• What you should do:
Write back every line of the listing exactly, excluding images.
:: Collected data
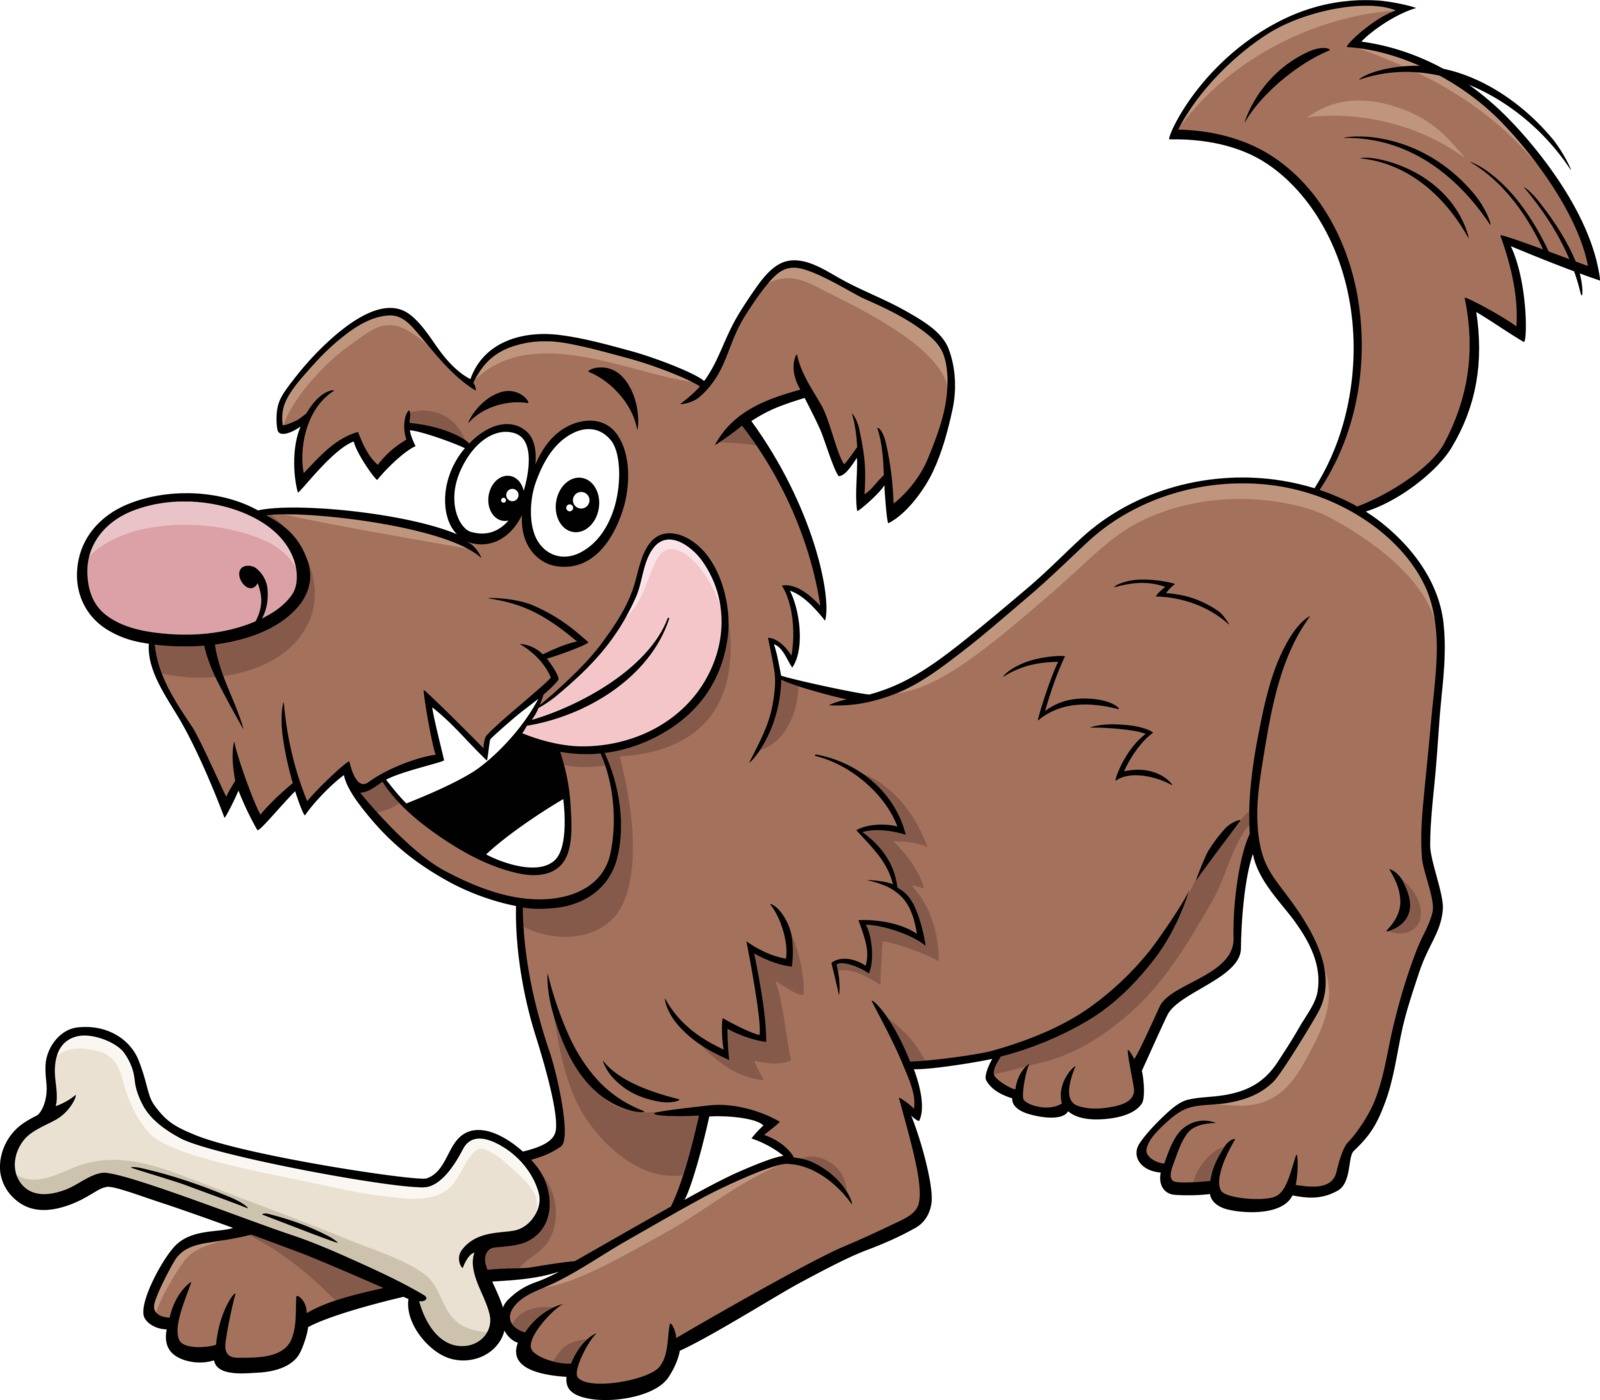 cartoon playful dog animal character with bone by izakowski
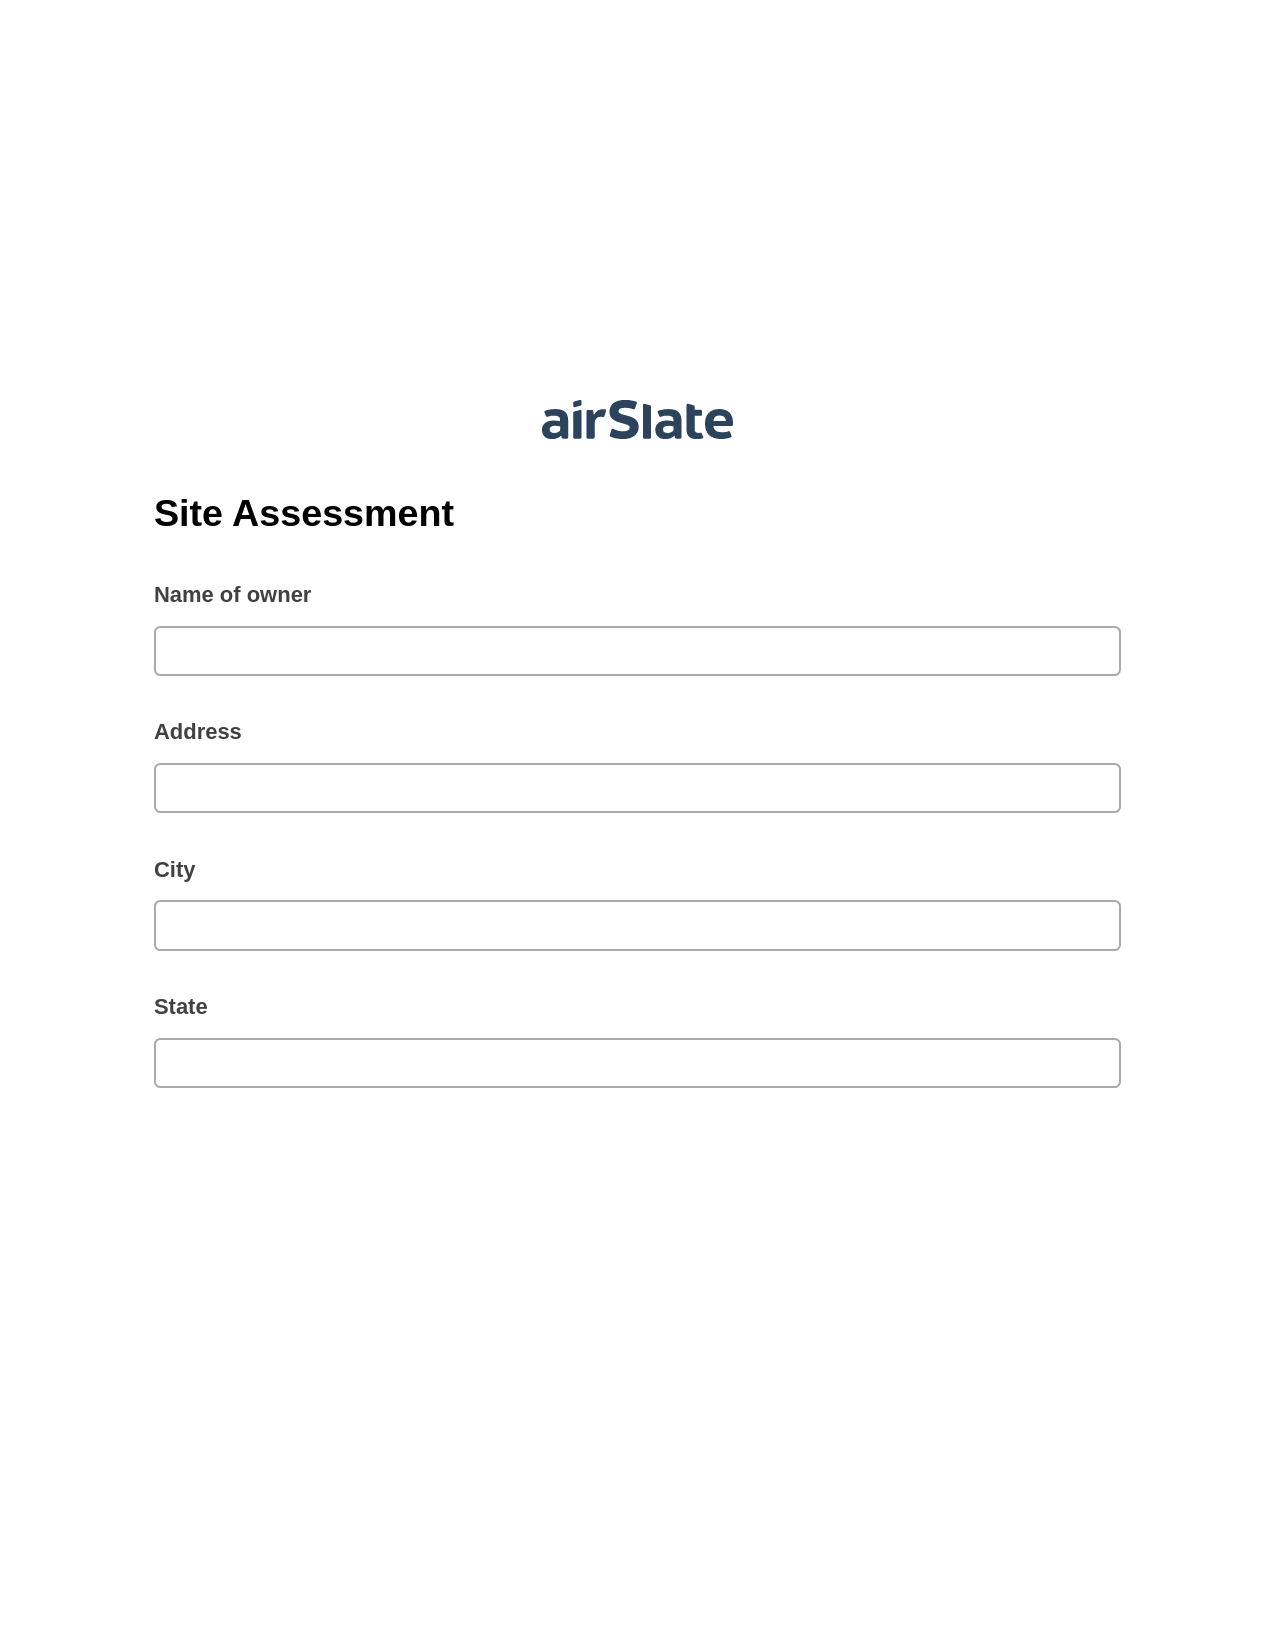 Site Assessment Pre-fill from CSV File Bot, Create NetSuite Records Bot, Slack Notification Postfinish Bot
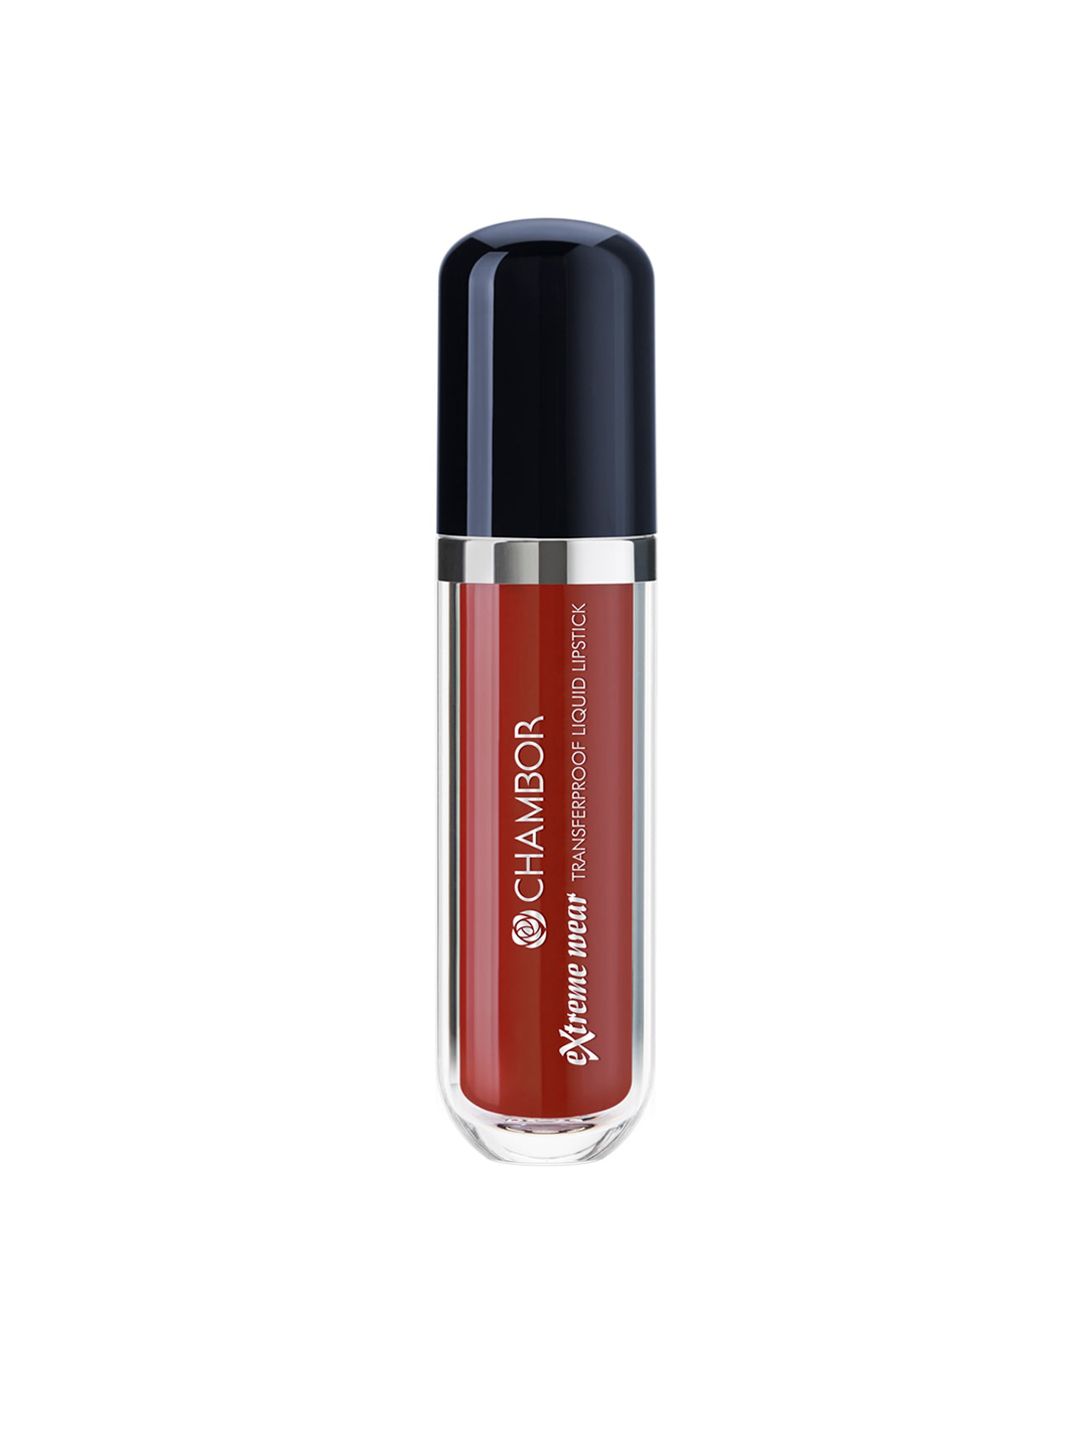 CHAMBOR Extreme Wear Transferproof Liquid Lipstick DARK AMBER #464 6 ml Price in India
::::
• Exercise result:
 cartoon playful dog animal character with bone by izakowski
 Site Assessment Pre-fill from CSV File Bot, Create NetSuite Records Bot, Slack Notification Postfinish Bot
 CHAMBOR Extreme Wear Transferproof Liquid Lipstick DARK AMBER #464 6 ml Price in India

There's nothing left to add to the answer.